The R software includes multiple solutions for local and global
optimization tasks (see CRAN task View on
Optimization
(Theussl et al. 2014)). In particular, the optim
function in
base R offers different
algorithms for general-purpose optimization, and so does
optimx, a more recent
package extending optim
(Nash and Varadhan 2011). Numerous additional packages are
available for different contexts, from nonlinear least square problems
(including some exploiting Marquardt-Levenberg idea like
minpack.lm
(Elzhov et al. 2016) and nlmrt
(Nash 2016)) to stochastic optimization and algorithms based on the
simplex approach. However, R software could benefit from a
general-purpose R implementation of the Marquardt-Levenberg algorithm.

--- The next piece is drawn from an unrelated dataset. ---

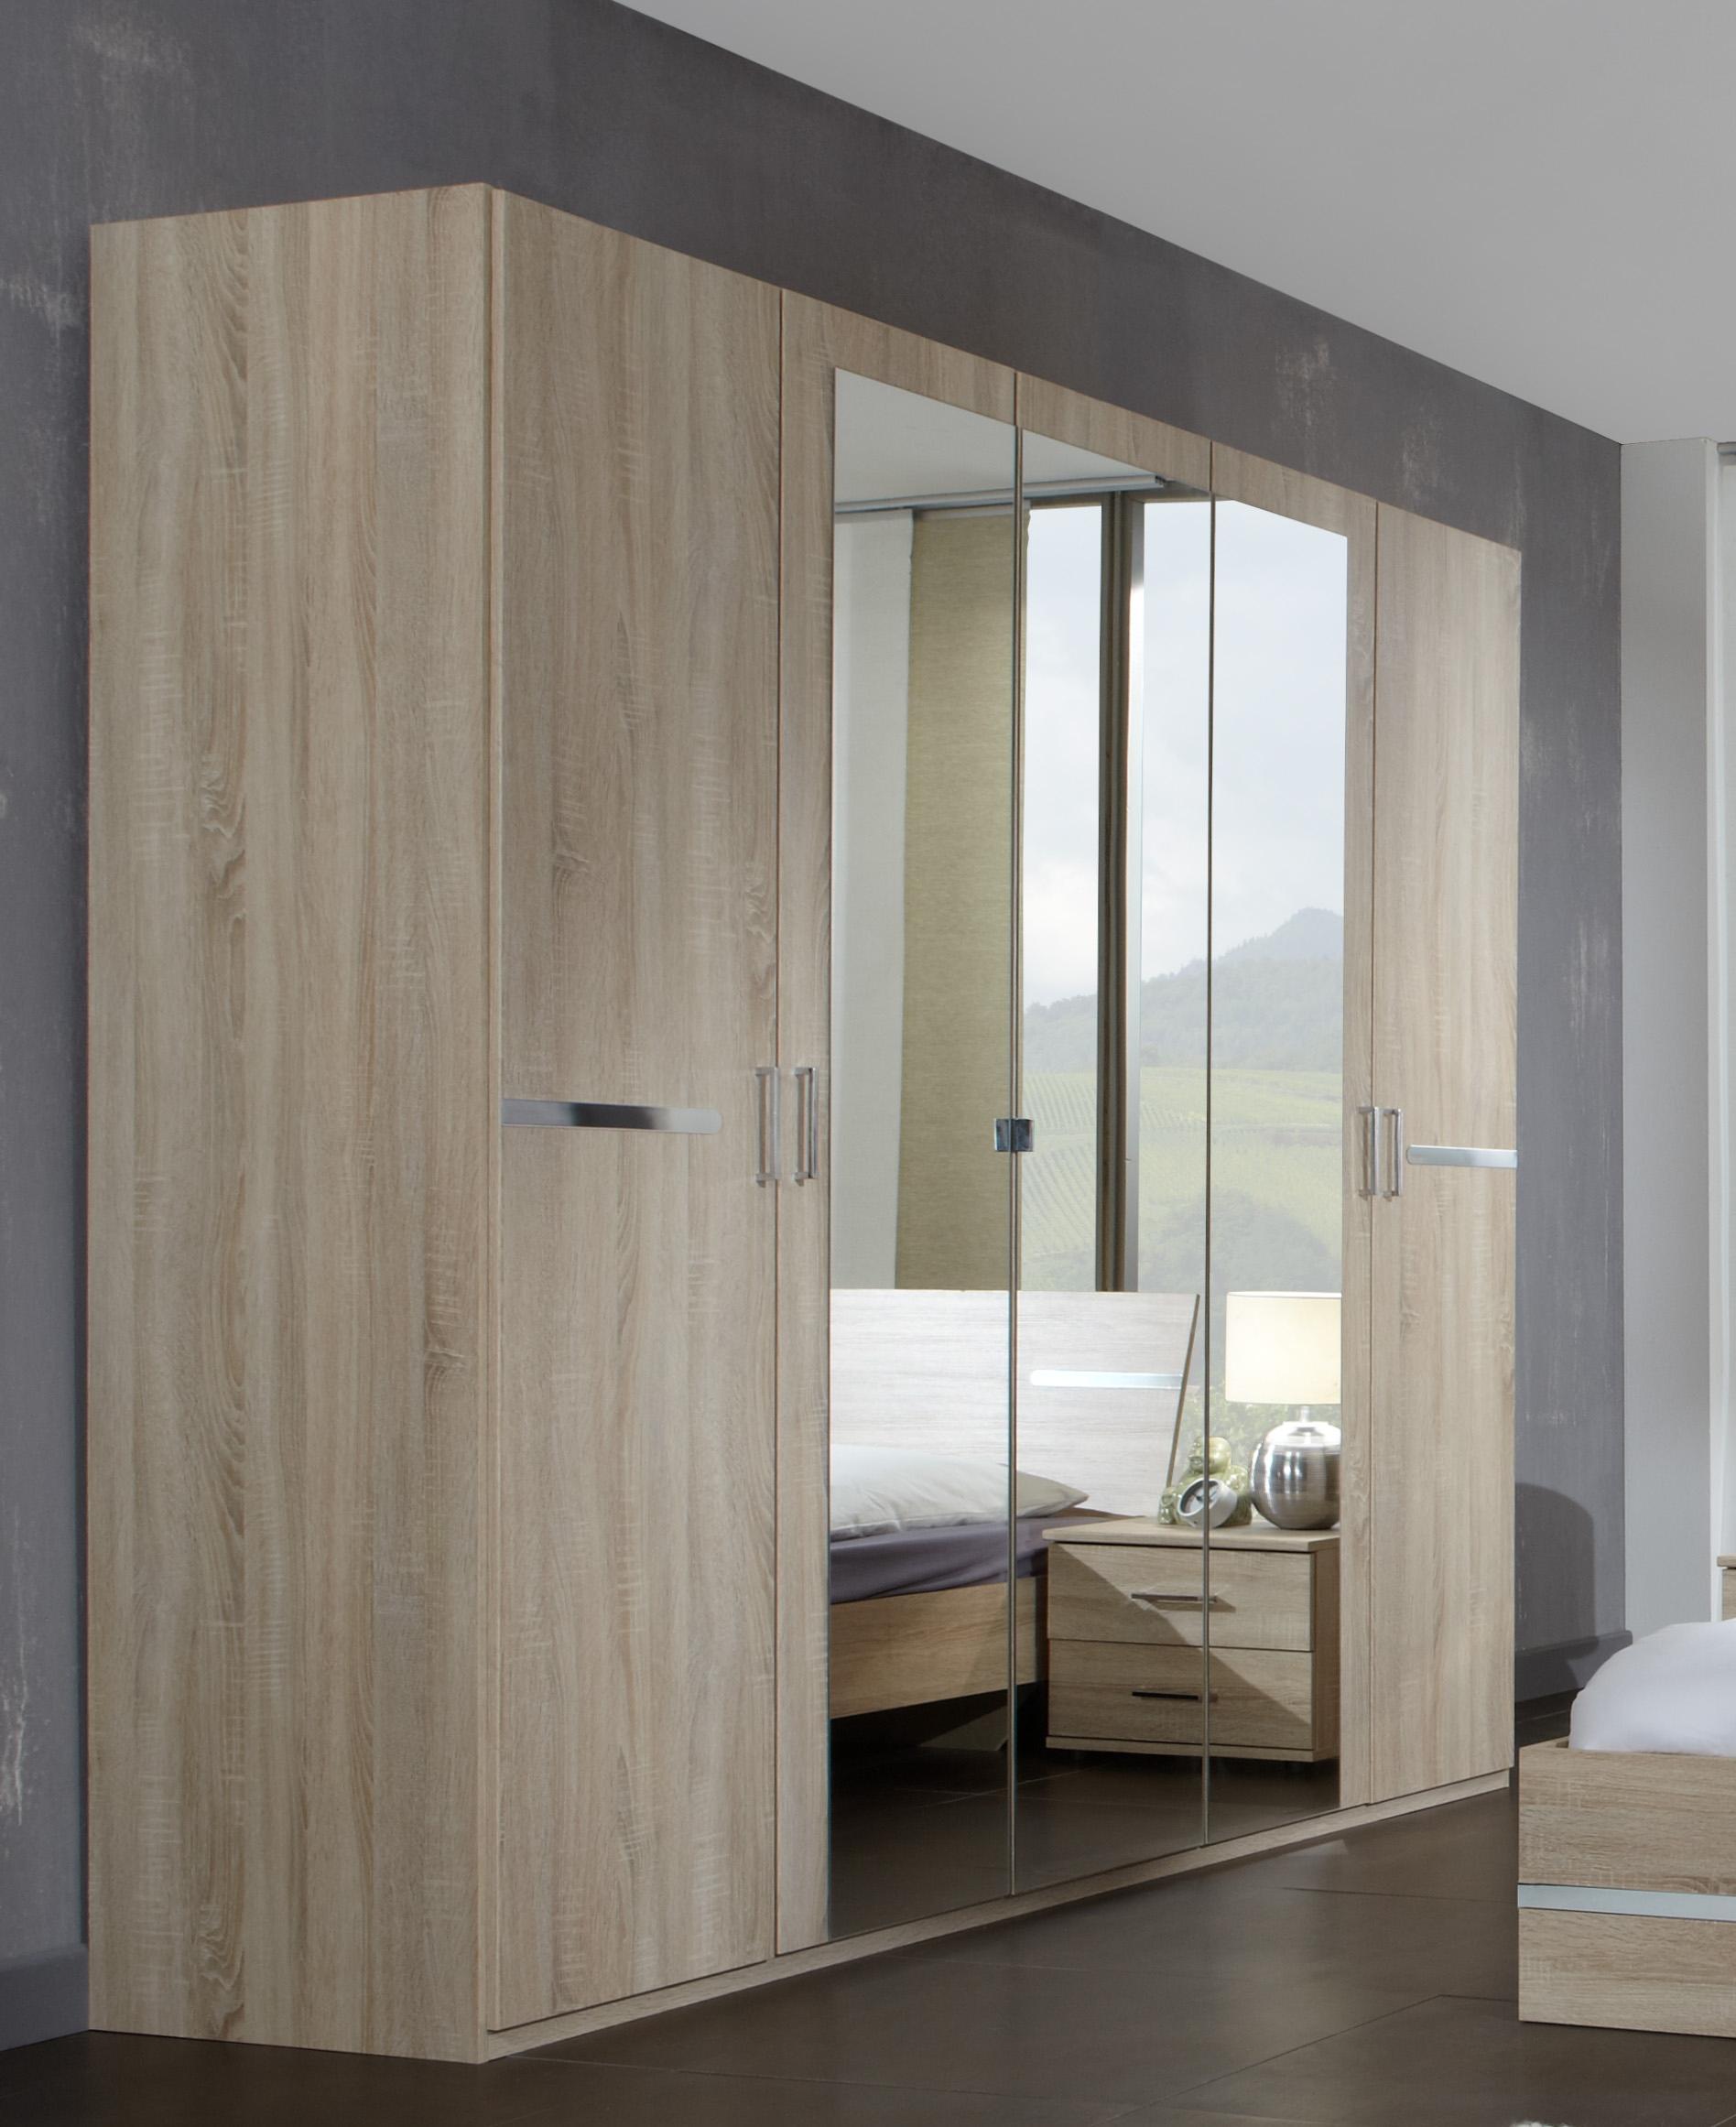 Armoire contemporaine 5 portes 225 cm chêne/chrome brillant Anabelle

We present here an R implementation of the Marquardt-Levenberg algorithm in the package marqLevAlg, which relies on a stringent convergence criterion based on the first and second derivatives to avoid loosely convergence (Prague et al. 2012) and includes (from version 2.0.1) parallel computations within each iteration to speed up convergence. This implementation is particularly dedicated to complex settings, that is, when a large number of parameters are optimized, and/or the computation of the objective function is time-consuming. The parallel computations speed up the procedure, and the stringent convergence criterion prevents false convergences on the flat regions of the objective function obtained with convergence criteria based on the function stability.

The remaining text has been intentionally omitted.